Telephone switches are computers used to route data and provide other telecommunications services such as voicemail. AT&T manufactured switches until 1996, when it spun the business off into Lucent Technologies. AT&T/Lucent continued to develop not only the physical switches but their underlying software. This software includes both copyrighted and patented material. When a telephone company purchased a switch from AT&T/Lucent, it included the right to copy and use this proprietary software. But as anyone who has ever owned a Windows computer knows, that does not mean the purchaser “owned” the software; it merely acquired a “license” to use the program on that particular switch.

AT&T/Lucent only collected sales tax on the physical equipment sold, not the software licenses. The California State Board of Equalization (SBE), which oversees sales and use taxes in that state, claimed this was an incorrect reading of the law. It assessed additional sales tax liability of approximately $24.7 million to cover the software licenses.

software is nontaxable

This map, courtesy of the Tax Foundation, shows the different sales tax treatments of different types of software by state. Orange indicates taxable, blue indicates tax exempt. (1: triangle) pre-made “canned” software purchased in the form of tangible property like a disk or CD; (2: square) canned software downloaded directly onto a computer; (3: circle) custom software purchased on a disk or CD; (4: starburst) custom software downloaded; and (5: star) custom software customized by the user for their use.

AT&T/Lucent paid the sales tax under protest then filed a court challenge. A trial judge ruled for the manufacturers and not only awarded a full refund but an additional $2.6 million in “reasonable litigation costs.” The SBE appealed.

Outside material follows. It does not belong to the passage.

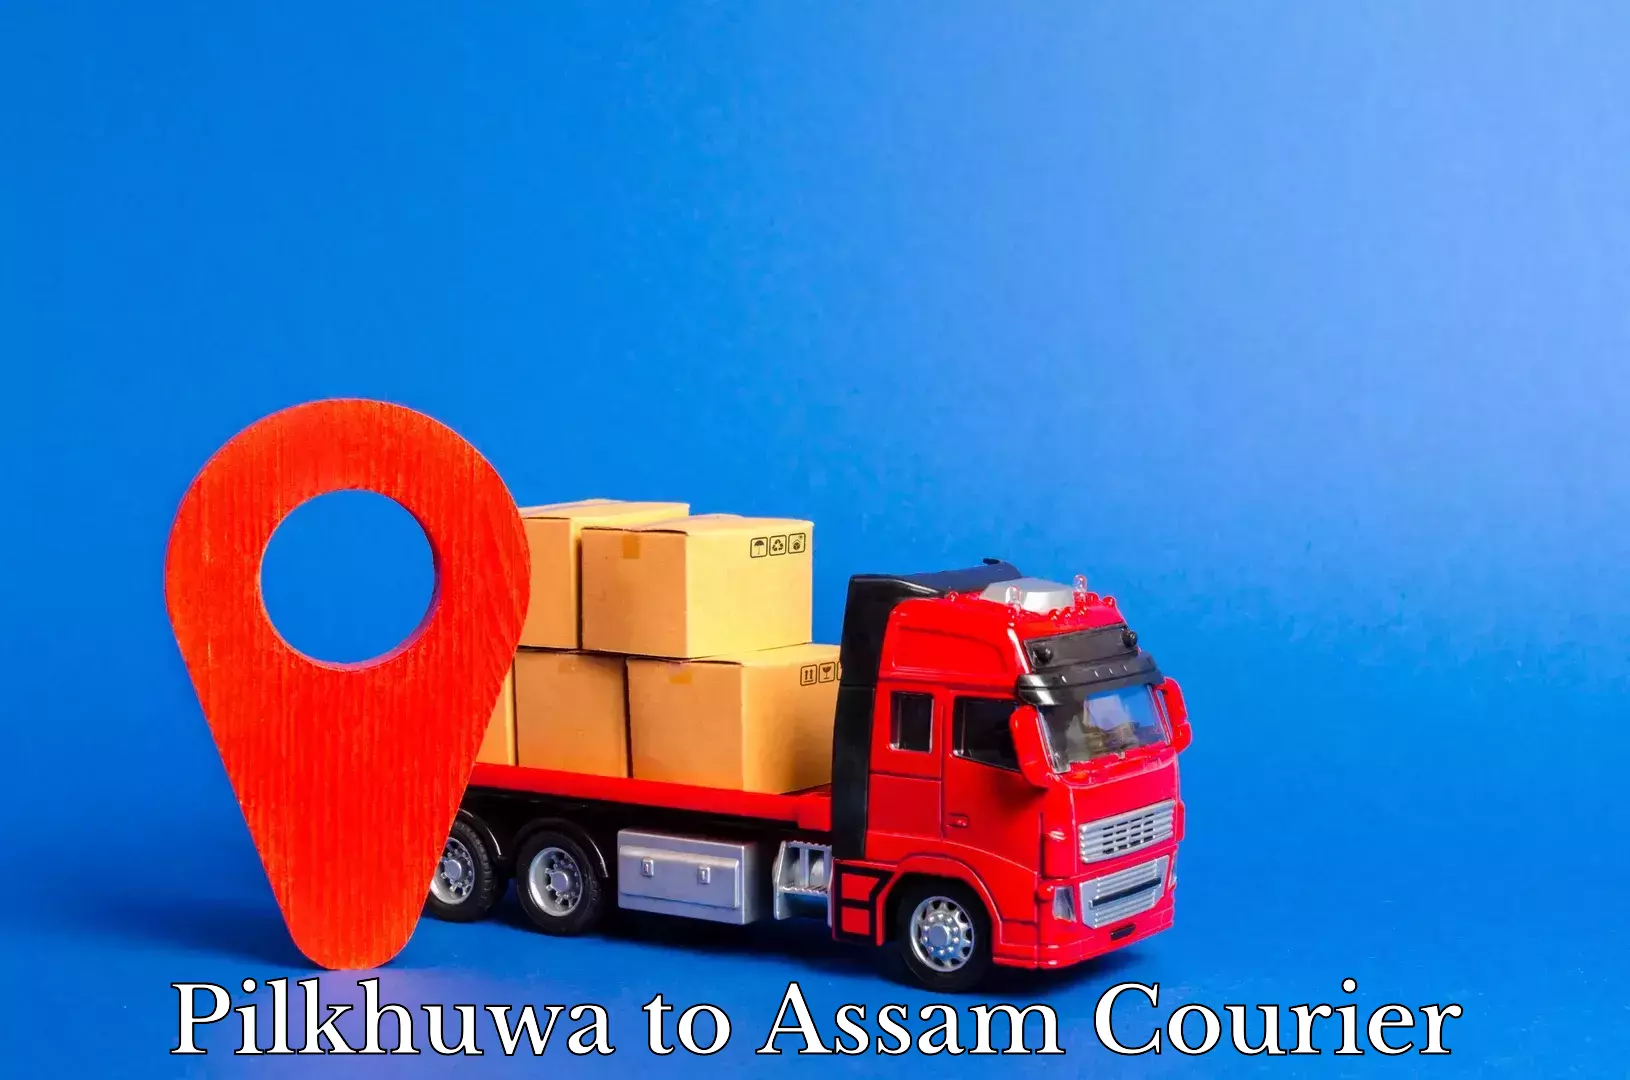 Sustainable shipping practices in Pilkhuwa to Assam

But the California Court of Appeal, Second District, upheld the trial judge’s decision. As the appeals court explained, “transactions not involving tangible personal property, such as the sale of services or the sale of intangible personal property, are not subject to the sales tax.” With respect to software, the “default rule” in California held when a seller “grants an intangible license to copy copyrighted material” through tangible media, the transaction is not taxable provided the physical media itself is “not essential” to the buyer’s ability to use the program, in other words, software is nontaxable.  This was an “all-or-nothing” rule, according to the appeals court. So in 1993, the California legislature amended the default rule such that when a seller licenses a copyrighted or patented product, the seller must then separate the tangible and intangible portions of the sale and pay tax on the former.

Which is exactly what AT&T/Lucent did here. Nevertheless, the SBE argued the switch software should still be treated as “tangible” property because it was physically transmitted on magnetic tapes. (Essentially, the SBE claimed AT&T/Lucent sold magnetic tapes that happened to include software.) The Court of Appeal said this argument was not only “inconsistent with precedent,” but “leads to an absurd result,” because it would mean AT&T/Lucent owed an additional $25 million merely because it transmitted the software on tape and not electronically.

Indeed, the SBE was well aware of “precedent.” In January 2011, the same appeals court rejected the same argument from the SBE when it tried to assess sales tax on switching software sold by Nortel Networks, Inc. The SBE actually asked the court to overrule its Nortel decision. It declined to do so, noting the earlier case relied on a California Supreme Court decision, which the intermediate court was “not at liberty to disregard.” And since the Nortel decision “foreclosed” the SBE’s arguments in this case, the trial judge was within his authority in ordering the state to pay AT&T/Lucrent’s litigation costs.